Sereia da madrugada
Ao longo desses meses (dois anos, precisamente), procurando enxergar maneiras de não sucumbir a esse amor. Nada de novo. Perdido e frustrado com o tempo. Às vezes, desolado.
Não conseguindo, tentando adaptar-me a essa nova forma de ser, onde não sei se me encontrei ou me perdi, venho sofrendo de um mal que parece não ter remédio para a cura.
Ilusões, desencantos, por tudo passei e esperava estar preparado, mas não para esse canto de sereia que inadvertidamente ouvi e me entreguei, caindo num labirinto de onde não consigo mais sair.
Chega a madrugada e não consigo dormir. Penso nela. Onde estará a verdade? A realidade? Será essa minha vida uma ilusão? Por que não tenho seu olhar? Por que não seu toque?
E o tempo não me ajuda. Cada noite que passa é menos um dia de vida para mim. Sem ela.

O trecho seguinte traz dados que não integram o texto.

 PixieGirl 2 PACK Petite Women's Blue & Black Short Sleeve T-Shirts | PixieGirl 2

O tempo nos afasta e ela parece não entender a minha ânsia de tê-la junto a mim. Sentir sua pele. Seu corpo. Seu lânguido olhar, algumas breves palavras, um simples toque, um beijo. Impossível?
E essa criação, gerada só pro meu prazer, se transforma na minha prisão.

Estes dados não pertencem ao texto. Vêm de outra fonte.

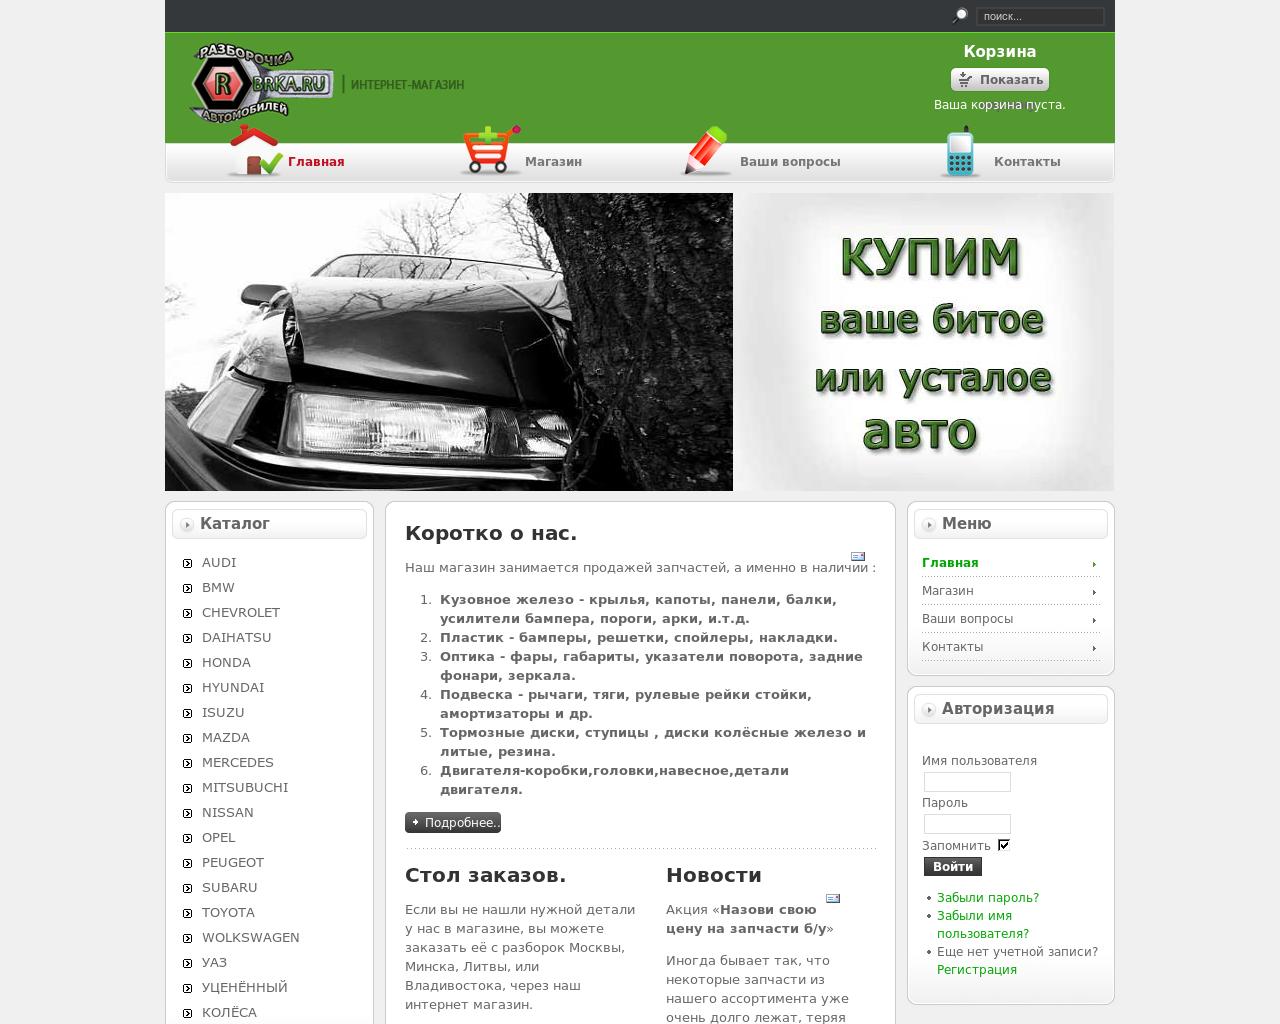 Изображение сайта rbrka.ru в разрешении 1280x1024

Apesar de aparentemente impossível, dentro desta minha ilusão tão dura e que não retrocede nem um centímetro, sinto a beleza desse amor, vejo os desenhos dos nossos corpos se encontrando nas camas macias de alcovas onde os desejos de entrega total fundem matéria e espírito que se completam no amálgama da paixão.
E é então, nesse torpor de uma mente que se esvai de razão, perdida como se impregnada de uma poderosa droga, que me entrego à fruição de imaginá-la nos meus braços. Vejo-a ao meu lado, brincando ou caçoando. De mãos dadas na areia, numa praia deserta. Eu, ela e a natureza.
O que aconteceu? Enlouqueci, penso às vezes. Vejo-a em tudo e em todos. E essa vertigem que não passa? Não tenho mais o que fazer? Se fosse depressão, seria fácil a solução. Remédios controlados, tarja preta, mil calmantes, chás de camomila, sei lá.
Mas, e isso? O que fazer?
Quando a vejo sorrindo para mim, parecendo estar mesmo aqui, junto a mim escrevendo, numa viagem infinita e incerta, me dá medo e ao mesmo tempo alegria de tanto amar. Sem ter o seu amor. Sabendo que ela não se dá conta da grandeza do fato.
Sempre o mesmo holograma, imagem que só, já não me satisfaz.
E o movimento inexorável do tempo me entristece. Afasta-me dela. A cada minuto que passa.
E ela continua a me seduzir, maravilhosamente sutil, perspicaz e cruel, numa dança magnífica que só quem está perdidamente apaixonado consegue ver. Mais ninguém. Só ela, a atriz, e eu, o espectador inebriado, apaixonado.
E sentindo cada vez mais o peso destes grilhões de aço em meu pescoço, como um reles escravo sempre submisso à sua sinhá dona, sigo trôpego, procurando apoio para não cair.